You can reduce resource usage in your OpenShift AI deployment by stopping notebook servers that have had no user logged in for some time. By default, idle notebooks are not stopped automatically.

Workbench Idle Notebooks

CLI - Stopping Notebooks

In the redhat-ods-applications project there is a ConfigMap that tracks the users preferences with regards to notebooks. It is called notebook-controller-config. You will see the appropriate headings already in the data section of the ConfigMap:

apiVersion: v1
kind: ConfigMap
data:
  ADD_FSGROUP: "false"
  CLUSTER_DOMAIN: cluster.local
  CULL_IDLE_TIME: "1440"
  ENABLE_CULLING: "false"
  IDLENESS_CHECK_PERIOD: "1"
  ISTIO_GATEWAY: kubeflow/kubeflow-gateway
  USE_ISTIO: "false"

The CULL_IDLE_TIME is expressed in minutes as is the IDLENESS_CHECK_PERIOD (which controls the polling frequency).

It is possible to update the ConfigMap via a command similar to the following:

oc patch configmap notebook-controller-config -p '{"data":{"ENABLE_CULLING":"true"}}' --type merge

You can also use a patch file similar to this:

apiVersion: v1
data:
  CULL_IDLE_TIME: "144"
  ENABLE_CULLING: "false"
  IDLENESS_CHECK_PERIOD: "1"
kind: ConfigMap
metadata:
  name: notebook-controller-config
  namespace: redhat-ods-applications

And then use an oc apply to merge the changes

Creating A Pipeline Server

Before you can successfully create a pipeline in OpenShift AI, you must configure a pipeline server. This process is very straight forward.
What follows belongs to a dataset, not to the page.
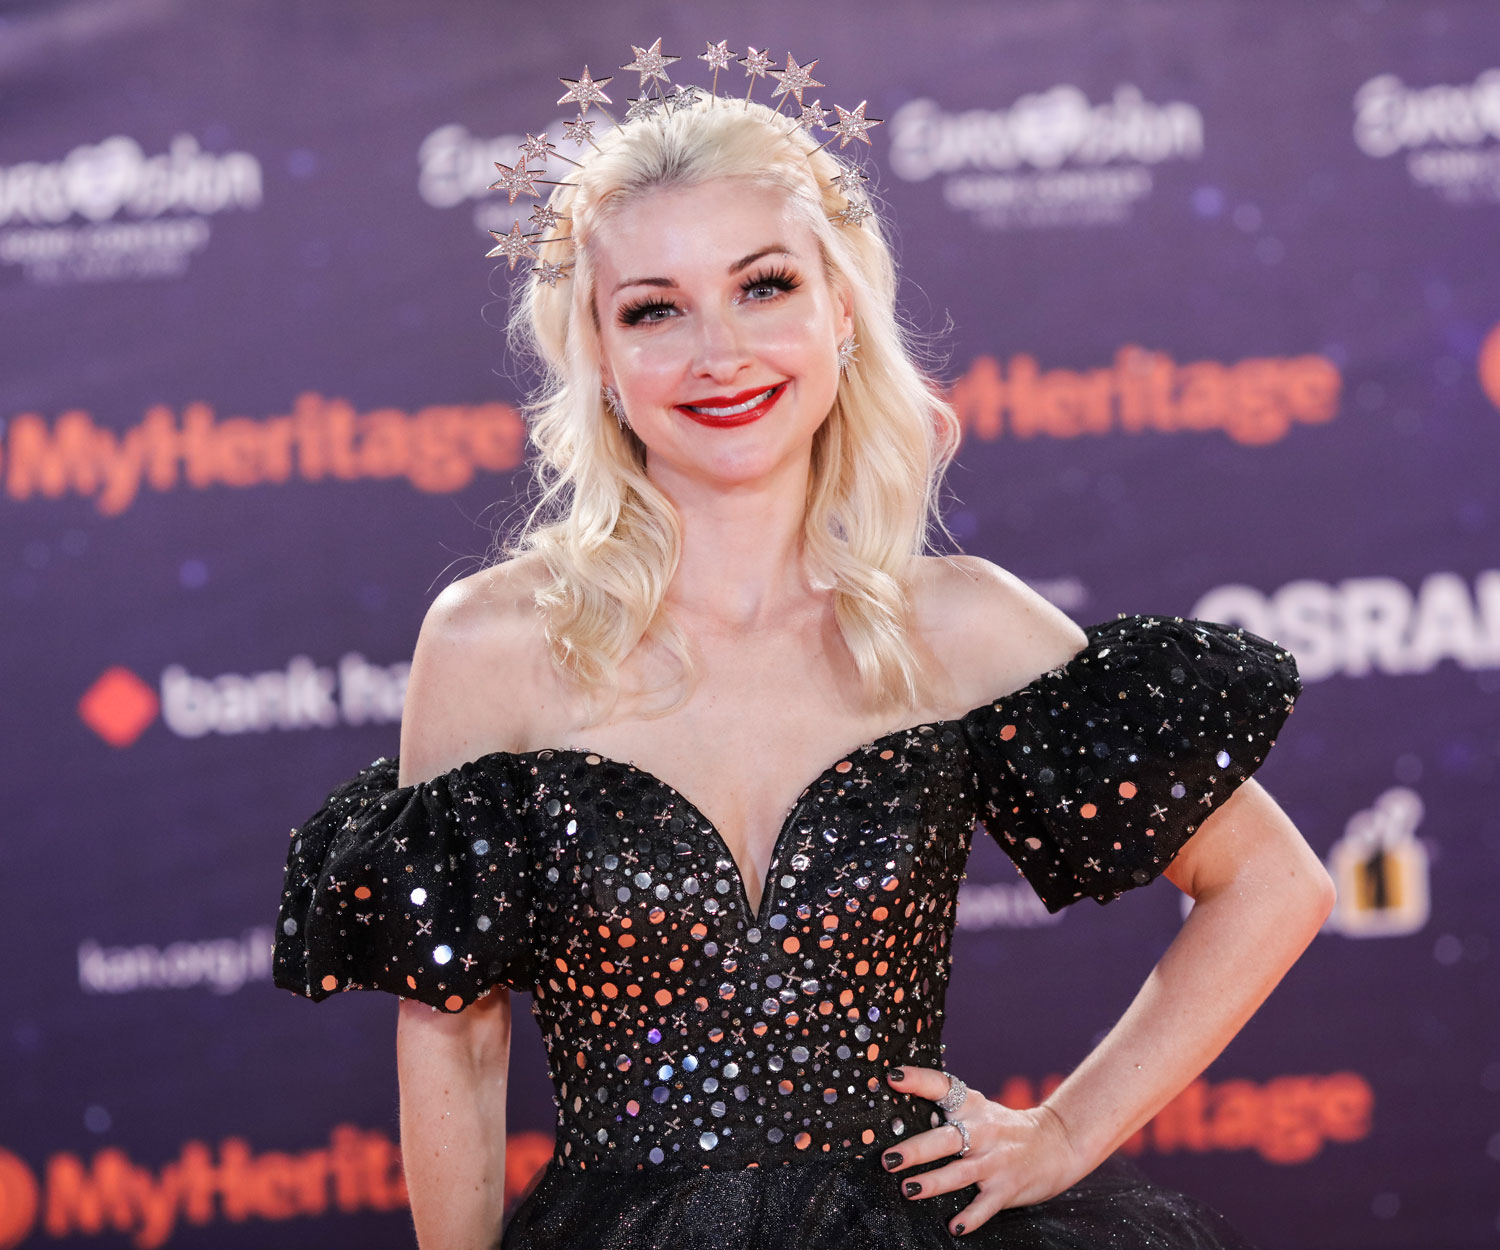 Kate Miller-Heidke on the meaning behind her powerful Eurovision song Zero Gravity

You need to have

  1. A Workbench
  2. Cluster storage for the workbench
  3. A Data Connection

Pipeline Servers

CLI - Pipeline Server

In order to create a Pipeline server via the CLI a new object called DataSciencePipelinesApplication needs to be created in the Data Science Project. This file requires some adjusting for your specific environment.

apiVersion: datasciencepipelinesapplications.opendatahub.io/v1alpha1
kind: DataSciencePipelinesApplication
metadata:
  name: pipelines-definition
spec:
  apiServer:
    applyTektonCustomResource: true
    archiveLogs: false
    autoUpdatePipelineDefaultVersion: true
    collectMetrics: true
    dbConfigConMaxLifetimeSec: 120
    deploy: true
    enableOauth: true
    enableSamplePipeline: false
    injectDefaultScript: true
    stripEOF: true
    terminateStatus: Cancelled
    trackArtifacts: true
  database:
    disableHealthCheck: false
    mariaDB:
      deploy: true
      pipelineDBName: mlpipeline
      pvcSize: <CHANGE_ME>
      username: mlpipeline
  mlmd:
    deploy: false
  objectStorage:
    disableHealthCheck: false
    externalStorage:
      bucket: <CHANGE_ME>
      host: <CHANGE_ME>
      port: ""
      s3CredentialsSecret:
        accessKey: AWS_ACCESS_KEY_ID
        secretKey: AWS_SECRET_ACCESS_KEY
        secretName: <CHANGE_ME>
      scheme: http
  persistenceAgent:
    deploy: true
    numWorkers: 2
  scheduledWorkflow:
    cronScheduleTimezone: UTC
    deploy: true

In the above file the pvcSize by default is set to 10Gi, though this can be changed by altering this value. In addition, the Pipeline Server expects to have access to S3 compatible Object Storage. In the above example, the secretName is based on the Data Connection created earlier. OpenShift will prefix the name of the secret with the type of connection. In this case, the name of the storage is dev-storage so the secret is called aws-connection-dev-storage. Thus you would put secretName: aws-connection-dev-storage in the above YAML.

Once the above object is created in the project, you can check the status by running oc describe dspa. After a few minutes, the pods will have finished deploying and the cluster is ready to import Pipelines.